When I saw the cover girl commercial I thought the same thing...I thinks its the mu, she must be getting lessons.


----------



## Jennifer Mcfly (Jan 23, 2008)

i've always been a drew fan! she's amazing! but her CG ads do look fierce!!!


----------



## Love Always Ivy (Jan 23, 2008)

CG is one of my mom's clients (she works in advertising) and they spend thousands of dollars on touchups and photoshop!

but regardless, drew does look great


----------



## aziajs (Jan 23, 2008)

Quote:

   Originally Posted by *Love Always Ivy* 

 
_CG is one of my mom's clients (she works in advertising) and they spend thousands of dollars on touchups and photoshop!

but regardless, drew does look great_

 
But you know it's even the way she looks on the red carpet.  She just looks amazing.  There is something really different about her lately.


----------



## Divinity (Jan 23, 2008)

I've ALWAYS loved Drew.  She is natural and has overcome so much!


----------



## browneyedbaby (Jan 23, 2008)

That photo is stunning!


----------



## user79 (Jan 23, 2008)

Quote:

   Originally Posted by *aziajs* 

 
_I've never been of huge fan of Drew's but I have to say that the more I see her the more I am amazed.  I love her in the new Cover Girl commercials and print ads.  She just looks so different but I can't put my finger on it.  It;s something in the makeup.  Or could it be something within radiating outward.  I don't know._

 
I think that _certain something_ is Adobe Photoshop.

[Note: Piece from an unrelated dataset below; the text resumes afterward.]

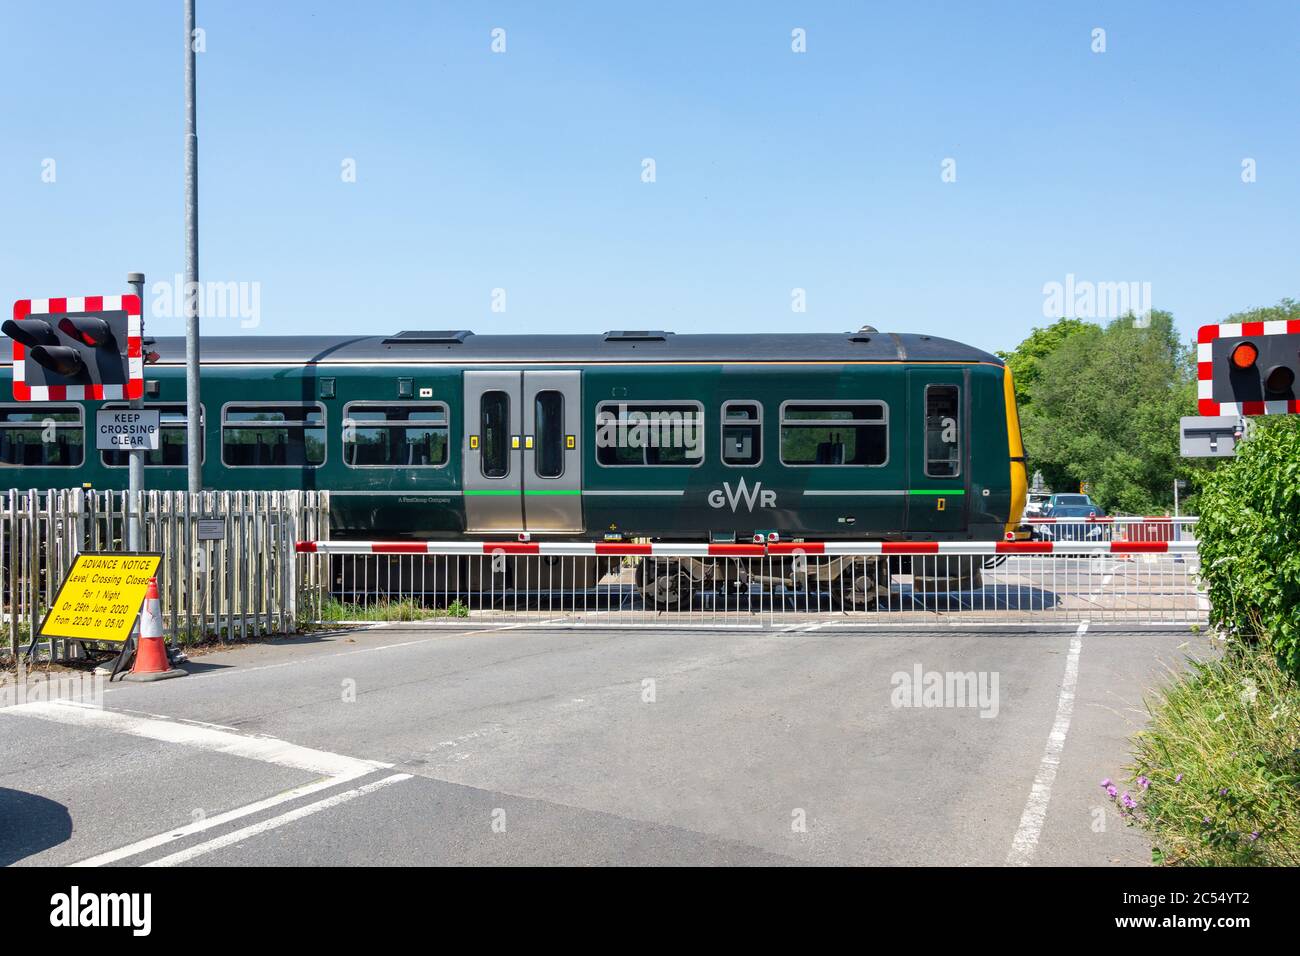 TRAIN GWR passant au croisement de niveau de la gare de Kintbury, Station Road, , Kintbury, Berkshire, Angleterre, Royaume-Uni Banque D'Images

She doesn't even look *real *in that pic.


----------



## coachkitten (Jan 23, 2008)

Even though she is photoshopped she looks great.  Every picture I see of her with makeup or without she looks beautiful.  I think it is mostly her personality and love of life that shines through.


----------



## NutMeg (Jan 24, 2008)

I find it somewhat odd that in a mascara ad her lashes are so visibly "helped along" by photoshop. Don't get me wrong, I think she's gorgeous, but that picture is not a good example of her natural beauty.


----------



## Simply Elegant (Jan 24, 2008)

I think she looks great. I think it's the makeup and it looks like she's toned up a lot looking at other ads.


----------



## athena123 (Jan 24, 2008)

I have to admit, Drew is really growing on me! I used to find her rather annoying and not that attractive, but she really seems to have outgrown her child star persona and is coming into her own. Her style sense of what works well for her is truly stellar!


----------



## janwa09 (Jan 25, 2008)

Yeah I'm sure Photoshop had something to do with her photos too but she still looks fab whenever she walks down the red carpet.  I think part of it is due to her now healthy lifestyle.  She mentioned to a magazine once that she's exercising and eating healthy.  But I wonder though if she quit smoking already.


----------



## chameleonmary (Jan 25, 2008)

Shes adorable... but you are right there is something lately, she has been sporting a few of the smouldering eye looks and shes lot a buttload of weight and looks great! Check out her lips and smile, theyre the cutest part of her!


----------



## frances92307 (Jan 25, 2008)

I read somewhere that she is really focusing on eating healthy and exercising.  She always looks radiant.....and happy!


----------



## MAC_Whore (Jan 25, 2008)

I've always thought she was pretty.  She has had some hit or miss periods with her looks, but don't we all?  You really see her personality in her face/looks and I like that.  Every celebrity out there is the result of some retouching during their careers.  The only time Drew scared me was when she married Tom Green.  
	

	
	
		
		

		
		
	


	




  What was up with that?


----------



## Beauty Mark (Jan 25, 2008)

The big difference to me is that Drew went from looking like a girl to looking like a woman.


----------



## Ms. Z (Jan 25, 2008)

I never thought she was pretty, but she was really cute.  She does look great in the CG ads.  Isn’t being a spokesmodel for CG a stepdown from Lancome?


----------



## MAC_Whore (Jan 28, 2008)

Quote:

   Originally Posted by *Ms. Z* 

 
_.....  Isn’t being a spokesmodel for CG a stepdown from Lancome?_

 
I guess that would depend on what they are paying her.


----------



## BRosa (Jan 28, 2008)

Yeah, the pic is obviously Photoshopped. 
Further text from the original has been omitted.